Top of Dataset excerpts

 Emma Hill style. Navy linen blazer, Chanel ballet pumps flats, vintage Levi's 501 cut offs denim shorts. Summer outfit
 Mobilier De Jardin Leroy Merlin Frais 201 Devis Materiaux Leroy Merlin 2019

Bottom of Dataset excerpts
Top of Dataset excerpts

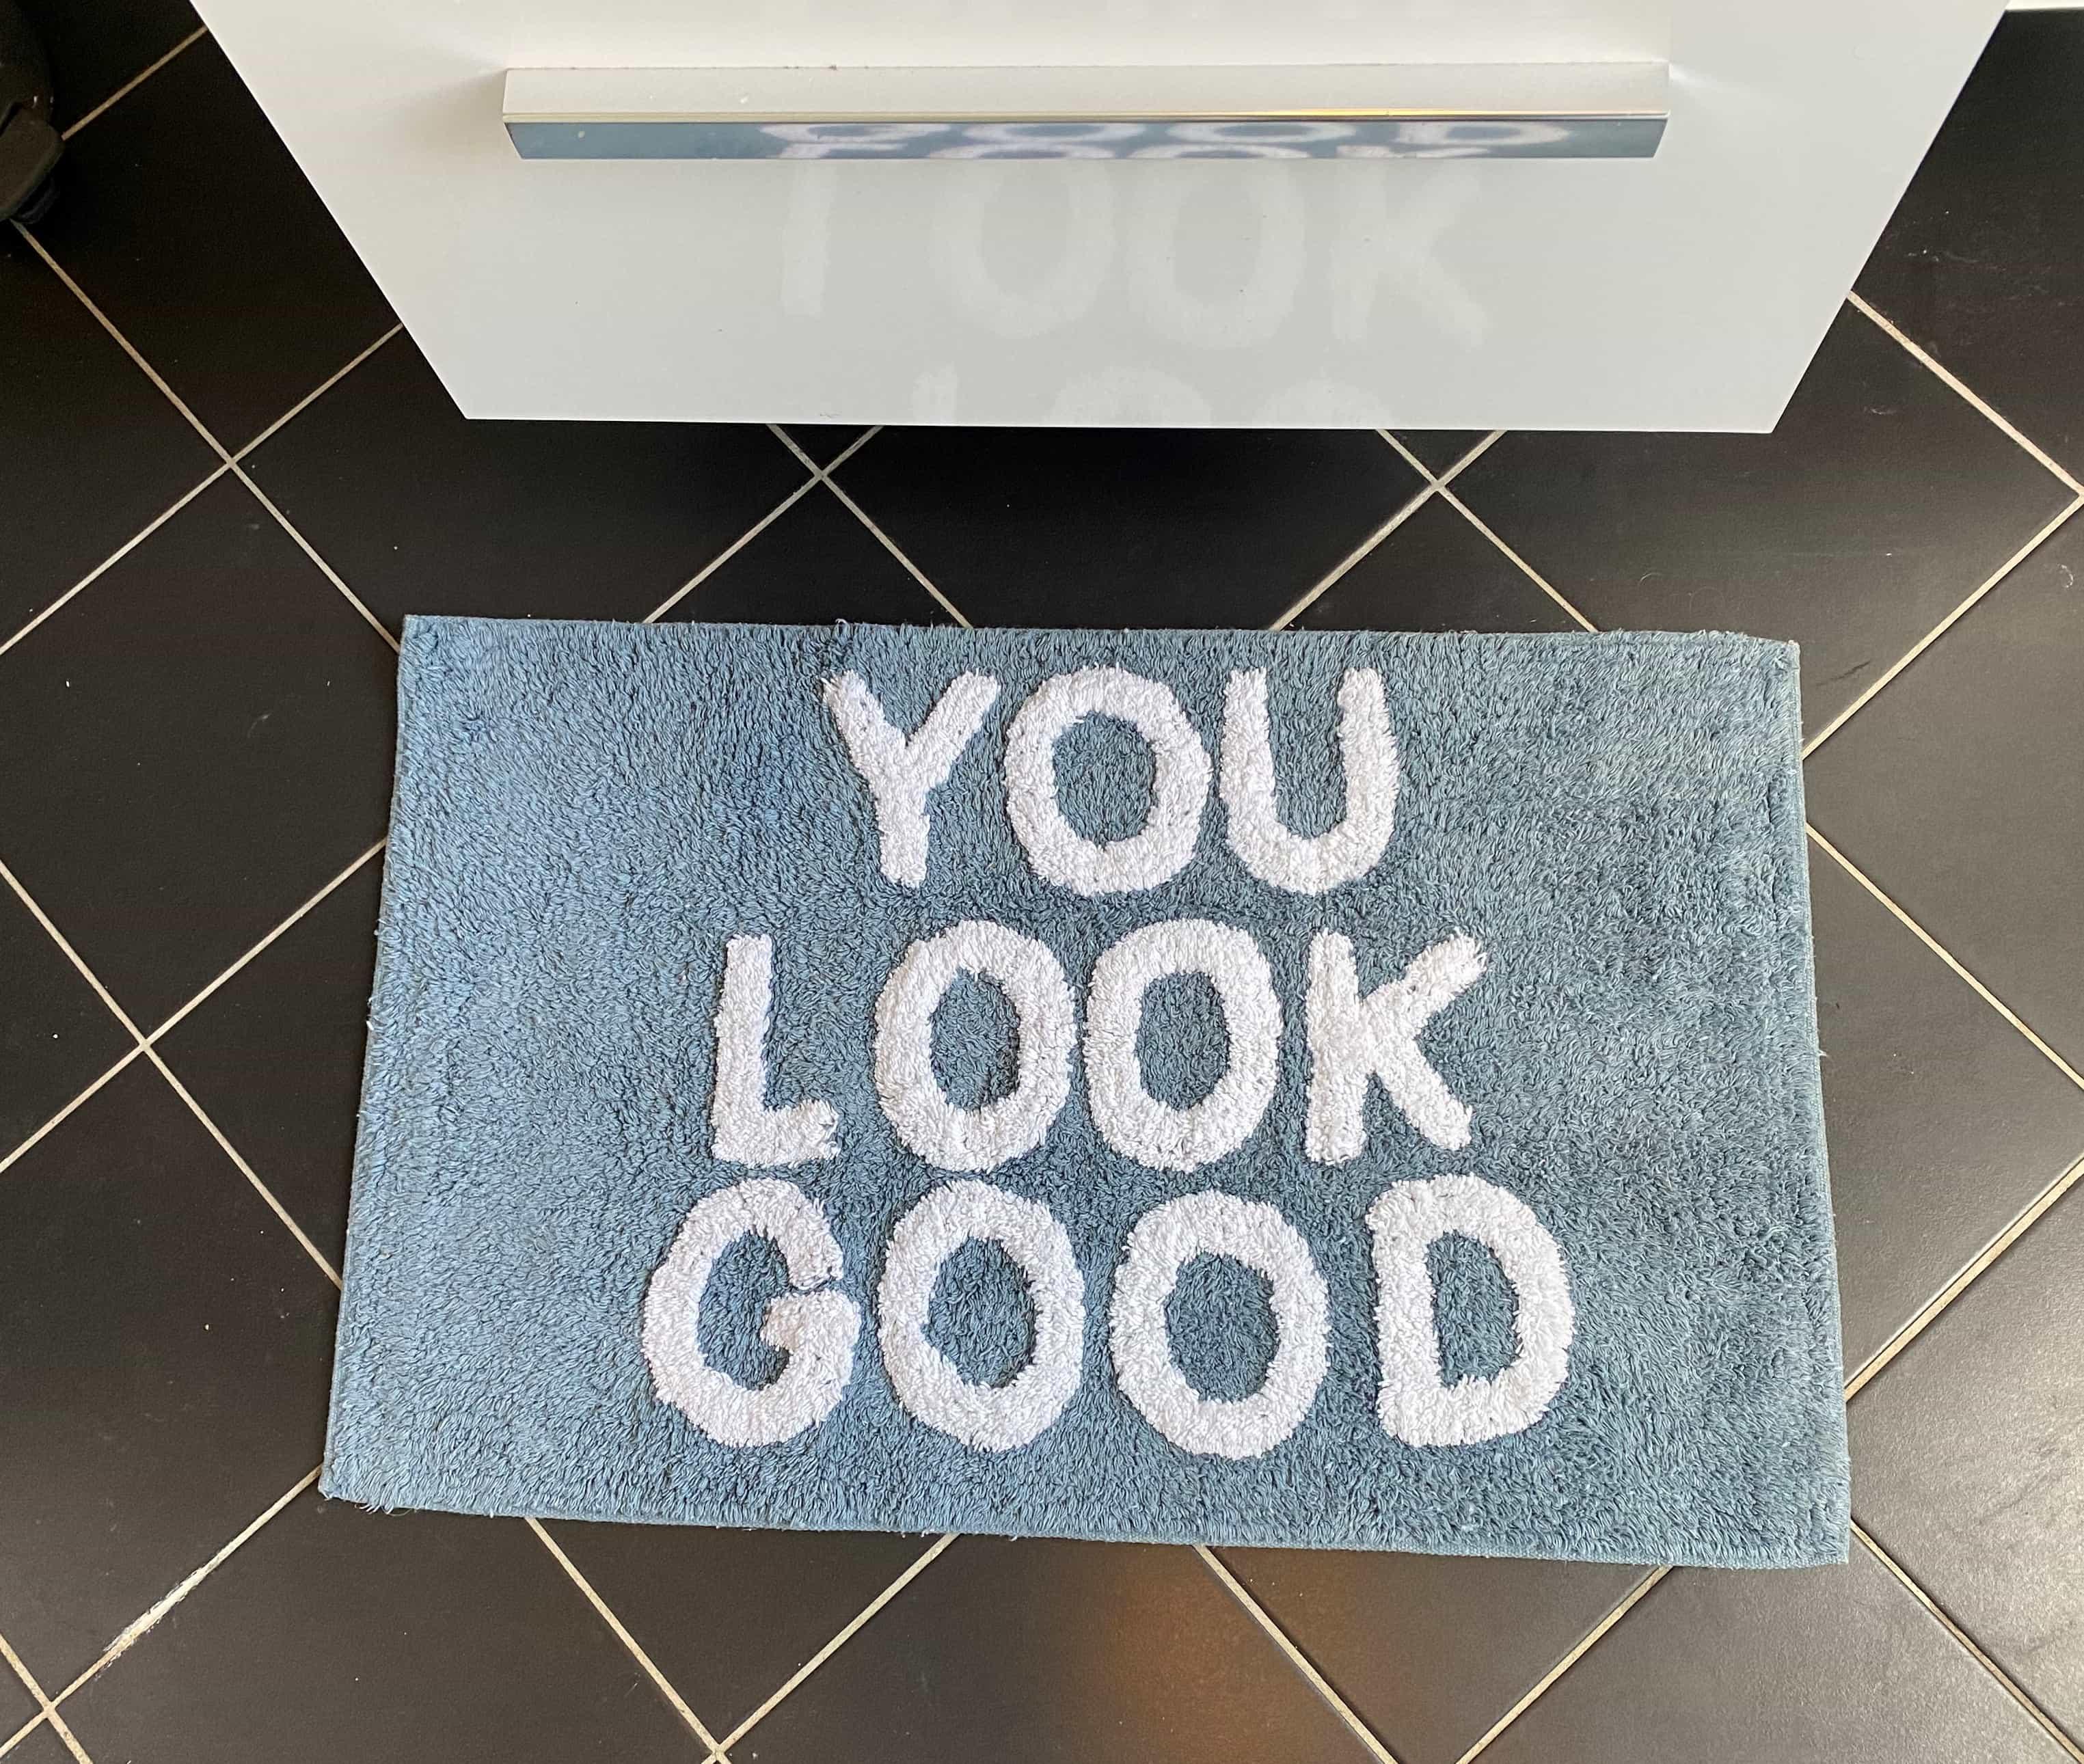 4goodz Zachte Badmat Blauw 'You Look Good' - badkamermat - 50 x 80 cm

Bottom of Dataset excerpts

- **Brief**: The response must hold only the lines above from the line with "Emma Hill style." through the line with "Mobilier De Jardin", each copied exactly, both ends kept.

- **Completed task**:
 Emma Hill style. Navy linen blazer, Chanel ballet pumps flats, vintage Levi's 501 cut offs denim shorts. Summer outfit
 Mobilier De Jardin Leroy Merlin Frais 201 Devis Materiaux Leroy Merlin 2019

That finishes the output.